The therapeutic approach to CFS is complex and requires a combination of different therapeutic modalities. In recent decades, many therapies for CFS have been examined, but the only one that has demonstrated a significant efficacy in patients diagnosed with CFS, together with gradual physical exercise, is cognitive behaviour therapy, which has been intensely developed in recent years [38-40]. A 2008 Cochrane review found that 40% of patients reported improvements in fatigue after cognitive behavioural therapy compared with 26% in usual care at the end of treatment. At follow-up, 1-7 months after treatment ended, when people who had dropped out were included, there was no significant difference between the two groups. 
Cognitive therapy as a therapeutic modality for CFS comprises a series of techniques, based on the principles of behaviour modification and the cognitive theory, aimed at strengthening the modification of thoughts and behaviour related to the patient's symptoms and distress . Most protocols developed for this treatment modality are based on three key factors: programmed physical exercise, control and coping with disease-associated stress, and cognitive restructuring .

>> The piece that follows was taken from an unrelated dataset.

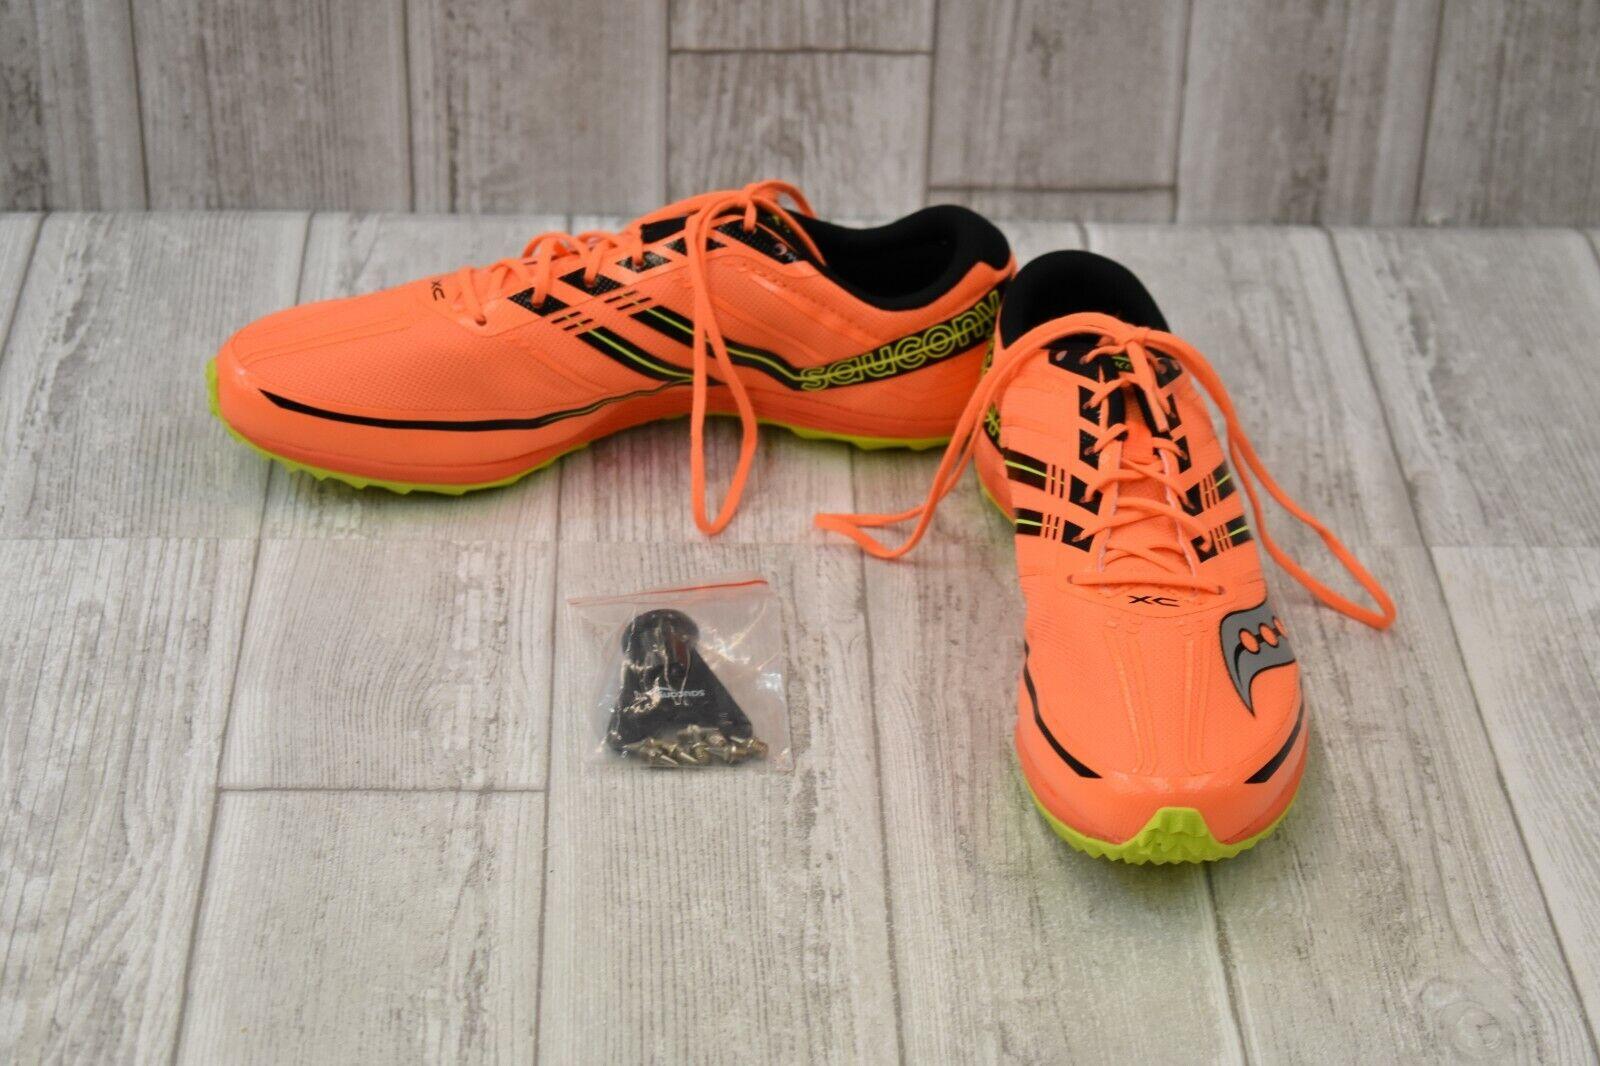 Saucony Kilkenny XC7 Spike Racing shoes - Men's Size 11, orange

Regarding to prescription of appropriate exercise schedules, there is no consensus for patients with CFS. However, it has been demonstrated that gradual exercise programmes are beneficial for some patients, improving both their physical work and the psychological and cognitive aspects. The main objective of the exercise programme is the progressive prevention of physical deterioration and optimizing the functional capacity, looking for an improvement of the patient's quality of life .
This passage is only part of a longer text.